What is required:
Reproduce exactly the lines of this material that begin at the line with "Louis Vuitton Monogram" and end at the line with "UV-Gel XXXL Set, 4", both included. Omit the pictures and everything else.

Entries provided:

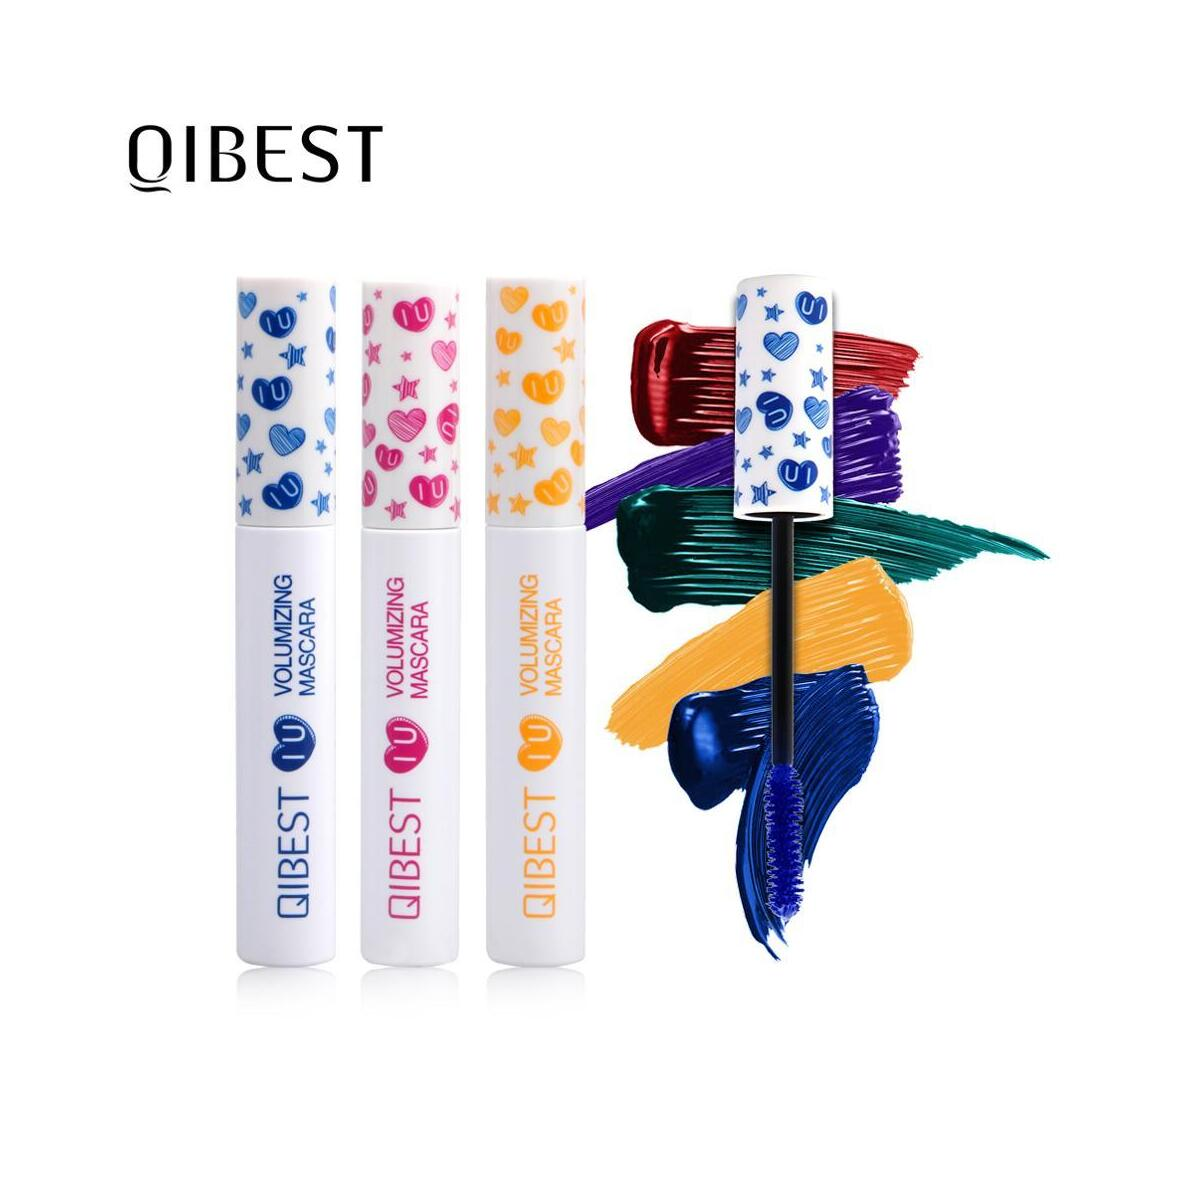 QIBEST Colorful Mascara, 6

---

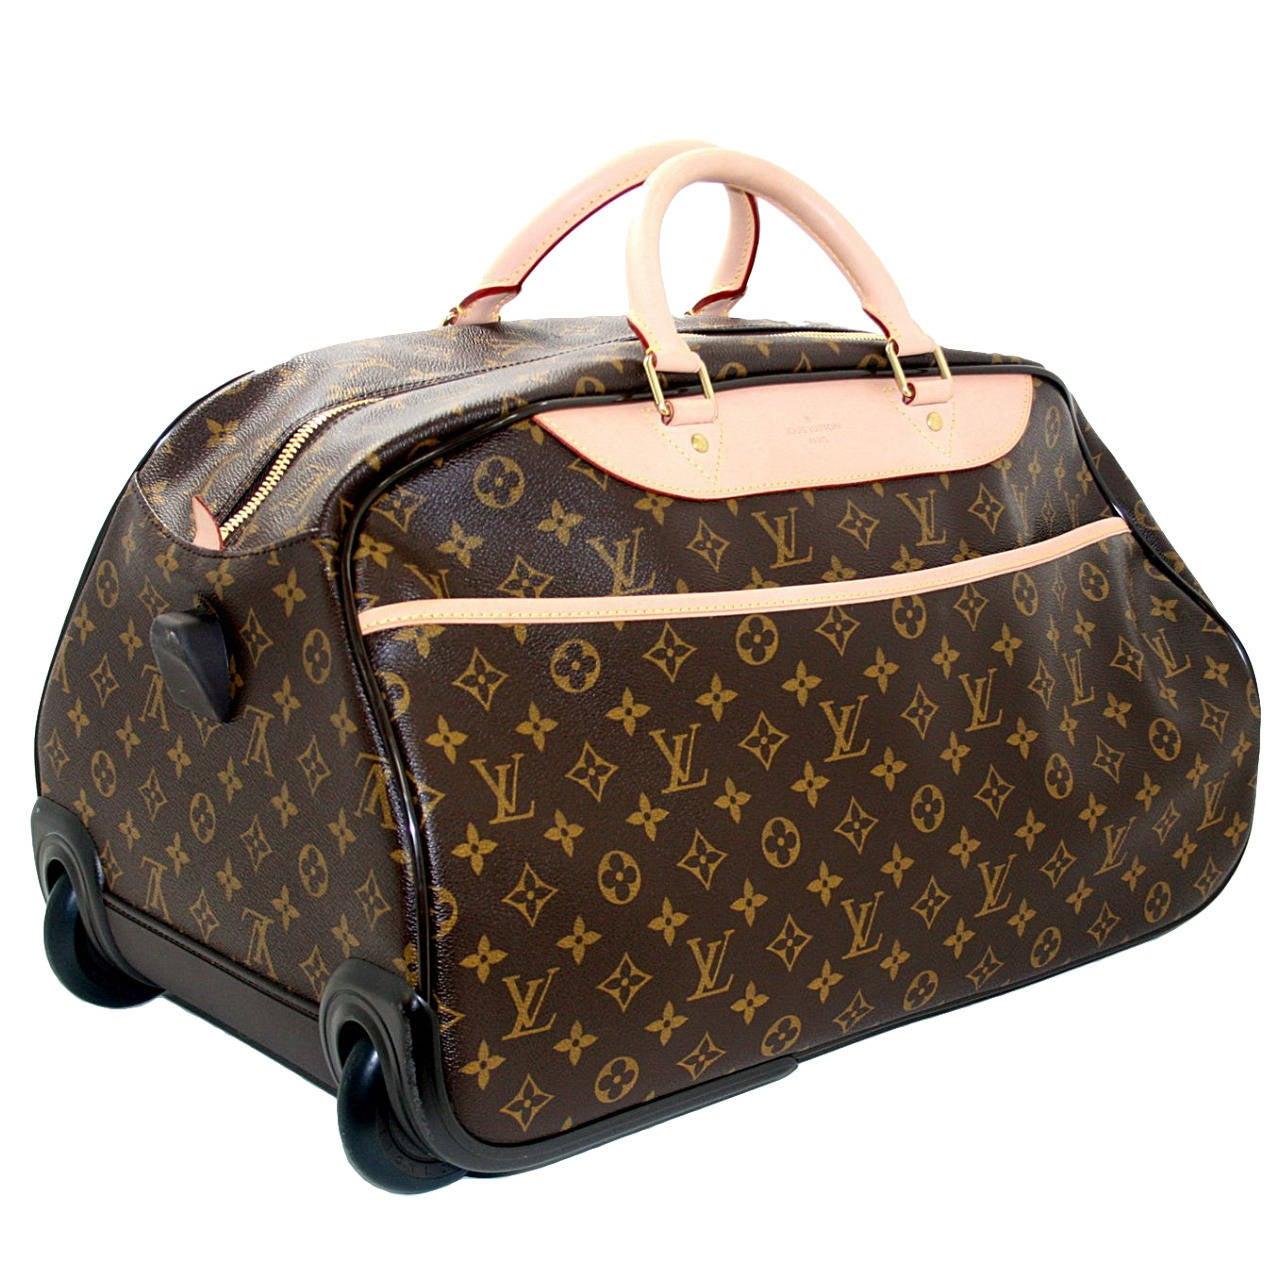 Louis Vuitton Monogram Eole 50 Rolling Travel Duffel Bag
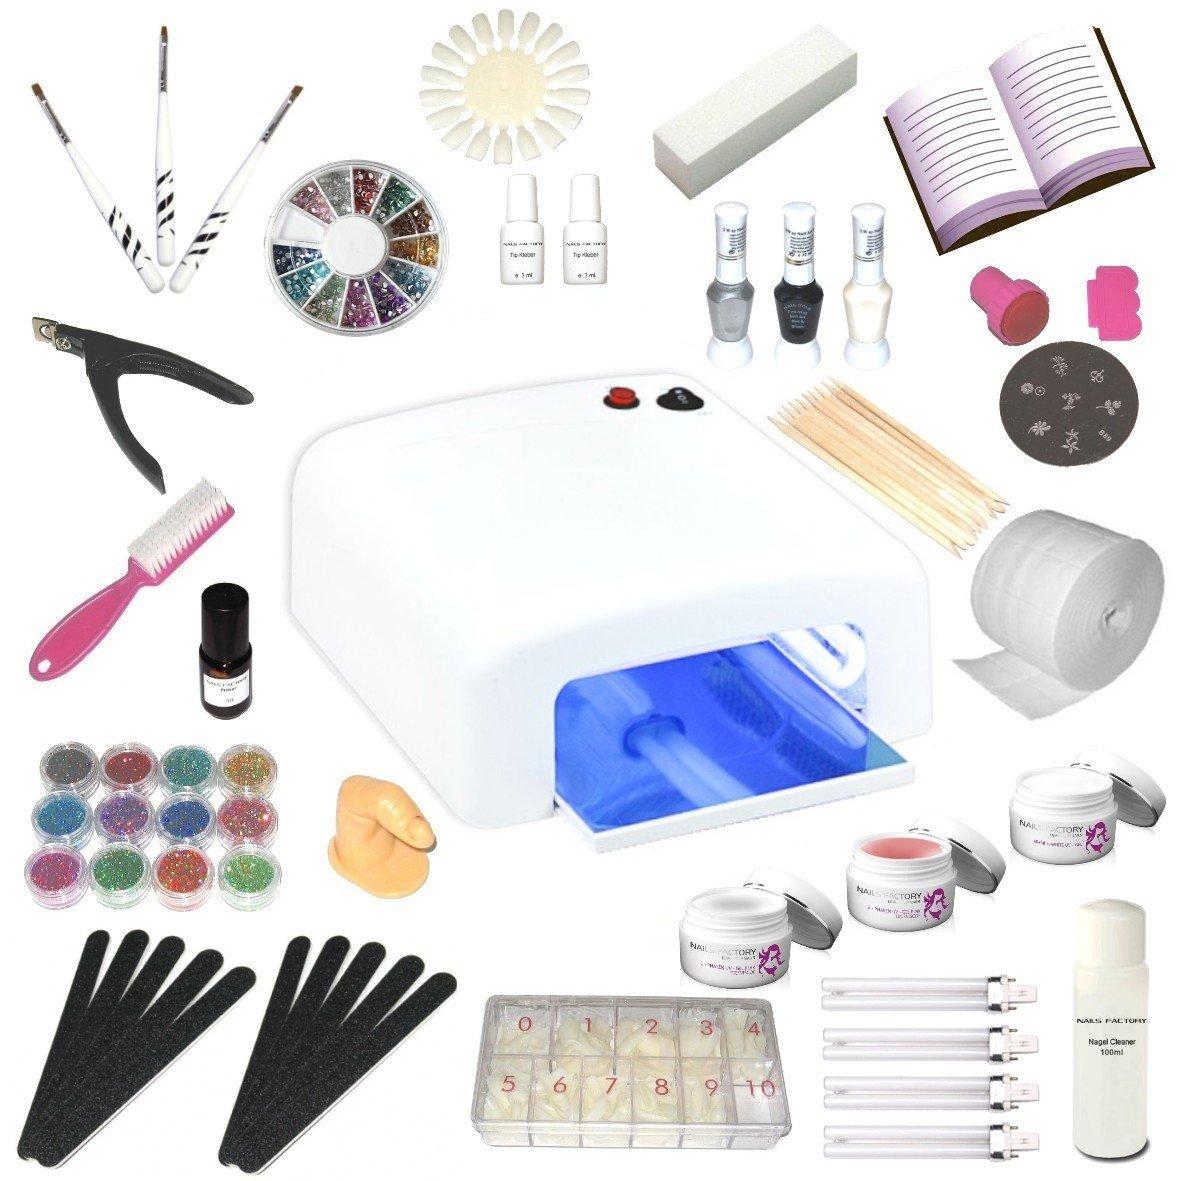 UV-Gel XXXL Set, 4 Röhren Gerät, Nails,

Response to this exercise:
 Louis Vuitton Monogram Eole 50 Rolling Travel Duffel Bag
 UV-Gel XXXL Set, 4 Röhren Gerät, Nails,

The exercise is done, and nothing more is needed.